━━ Extracted material ━━

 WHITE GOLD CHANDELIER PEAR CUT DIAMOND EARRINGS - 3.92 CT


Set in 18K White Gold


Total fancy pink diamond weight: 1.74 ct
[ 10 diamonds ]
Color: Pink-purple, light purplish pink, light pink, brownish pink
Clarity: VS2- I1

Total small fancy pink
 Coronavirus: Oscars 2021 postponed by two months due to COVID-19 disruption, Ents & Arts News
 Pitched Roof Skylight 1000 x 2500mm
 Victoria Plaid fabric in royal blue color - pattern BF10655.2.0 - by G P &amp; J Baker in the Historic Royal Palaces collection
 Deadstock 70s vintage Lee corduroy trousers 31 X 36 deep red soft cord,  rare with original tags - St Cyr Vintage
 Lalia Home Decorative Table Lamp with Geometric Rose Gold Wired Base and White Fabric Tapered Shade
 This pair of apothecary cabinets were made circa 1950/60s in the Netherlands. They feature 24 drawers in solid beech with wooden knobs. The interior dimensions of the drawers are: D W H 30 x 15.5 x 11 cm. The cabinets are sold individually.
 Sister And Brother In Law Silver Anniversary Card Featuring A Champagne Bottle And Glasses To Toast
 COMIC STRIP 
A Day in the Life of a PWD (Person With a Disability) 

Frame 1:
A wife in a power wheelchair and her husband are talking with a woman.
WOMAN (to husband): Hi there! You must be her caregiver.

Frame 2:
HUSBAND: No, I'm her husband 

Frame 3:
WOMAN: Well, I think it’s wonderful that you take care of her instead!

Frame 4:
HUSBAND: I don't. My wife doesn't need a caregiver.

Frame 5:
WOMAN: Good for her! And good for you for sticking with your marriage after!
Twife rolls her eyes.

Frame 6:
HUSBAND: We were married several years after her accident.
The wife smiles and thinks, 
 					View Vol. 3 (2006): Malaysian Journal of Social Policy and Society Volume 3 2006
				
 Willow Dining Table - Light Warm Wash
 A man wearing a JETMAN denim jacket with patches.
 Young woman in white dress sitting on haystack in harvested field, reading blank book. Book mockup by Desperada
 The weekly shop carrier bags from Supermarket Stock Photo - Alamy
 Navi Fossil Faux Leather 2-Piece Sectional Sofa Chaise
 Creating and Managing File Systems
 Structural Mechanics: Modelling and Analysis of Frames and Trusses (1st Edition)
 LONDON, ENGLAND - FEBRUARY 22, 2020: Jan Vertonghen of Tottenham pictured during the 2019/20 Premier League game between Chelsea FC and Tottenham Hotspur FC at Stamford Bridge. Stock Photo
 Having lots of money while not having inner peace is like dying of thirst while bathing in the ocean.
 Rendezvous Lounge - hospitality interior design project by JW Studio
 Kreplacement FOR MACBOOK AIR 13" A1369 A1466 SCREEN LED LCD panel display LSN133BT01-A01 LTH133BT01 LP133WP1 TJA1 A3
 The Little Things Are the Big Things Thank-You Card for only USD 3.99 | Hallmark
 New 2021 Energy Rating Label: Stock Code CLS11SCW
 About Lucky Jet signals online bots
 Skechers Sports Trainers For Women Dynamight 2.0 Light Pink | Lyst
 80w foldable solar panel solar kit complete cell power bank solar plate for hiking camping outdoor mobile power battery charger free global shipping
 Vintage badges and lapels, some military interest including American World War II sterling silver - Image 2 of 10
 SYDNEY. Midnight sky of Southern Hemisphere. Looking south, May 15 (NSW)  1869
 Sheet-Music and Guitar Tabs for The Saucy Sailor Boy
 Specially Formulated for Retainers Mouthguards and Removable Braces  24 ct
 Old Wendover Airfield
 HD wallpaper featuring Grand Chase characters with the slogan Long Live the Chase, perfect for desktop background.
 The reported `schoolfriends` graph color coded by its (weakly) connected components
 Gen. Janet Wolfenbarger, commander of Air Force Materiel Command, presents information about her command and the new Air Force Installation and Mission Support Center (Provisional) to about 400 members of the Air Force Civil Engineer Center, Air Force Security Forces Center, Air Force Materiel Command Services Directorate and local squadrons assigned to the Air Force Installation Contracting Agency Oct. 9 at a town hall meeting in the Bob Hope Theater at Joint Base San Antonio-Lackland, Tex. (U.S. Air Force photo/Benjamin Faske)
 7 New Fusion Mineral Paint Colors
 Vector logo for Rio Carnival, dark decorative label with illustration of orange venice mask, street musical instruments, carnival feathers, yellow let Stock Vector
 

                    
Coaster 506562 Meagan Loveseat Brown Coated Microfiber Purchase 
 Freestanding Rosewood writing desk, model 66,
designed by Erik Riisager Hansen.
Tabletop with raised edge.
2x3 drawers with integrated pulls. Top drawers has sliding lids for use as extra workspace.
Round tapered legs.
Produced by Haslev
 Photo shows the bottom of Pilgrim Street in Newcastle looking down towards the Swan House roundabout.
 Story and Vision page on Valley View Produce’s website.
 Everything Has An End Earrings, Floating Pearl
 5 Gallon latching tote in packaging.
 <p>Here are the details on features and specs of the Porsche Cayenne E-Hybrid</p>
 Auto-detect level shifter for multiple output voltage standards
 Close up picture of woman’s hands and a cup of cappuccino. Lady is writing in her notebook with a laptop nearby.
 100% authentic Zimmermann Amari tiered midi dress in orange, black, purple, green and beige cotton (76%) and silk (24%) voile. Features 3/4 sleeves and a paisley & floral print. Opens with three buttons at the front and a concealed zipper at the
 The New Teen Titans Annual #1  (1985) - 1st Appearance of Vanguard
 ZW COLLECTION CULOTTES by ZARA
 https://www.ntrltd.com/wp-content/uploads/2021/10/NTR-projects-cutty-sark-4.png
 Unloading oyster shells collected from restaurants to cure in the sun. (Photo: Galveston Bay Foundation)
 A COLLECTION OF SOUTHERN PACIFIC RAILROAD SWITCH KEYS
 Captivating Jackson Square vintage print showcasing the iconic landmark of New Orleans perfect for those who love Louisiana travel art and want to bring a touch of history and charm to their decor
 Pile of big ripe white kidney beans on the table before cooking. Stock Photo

━━━

→ Assignment
Scan the entries above and show each line that contains the word "interior".

→ Solution for this exercise
 This pair of apothecary cabinets were made circa 1950/60s in the Netherlands. They feature 24 drawers in solid beech with wooden knobs. The interior dimensions of the drawers are: D W H 30 x 15.5 x 11 cm. The cabinets are sold individually.
 Rendezvous Lounge - hospitality interior design project by JW Studio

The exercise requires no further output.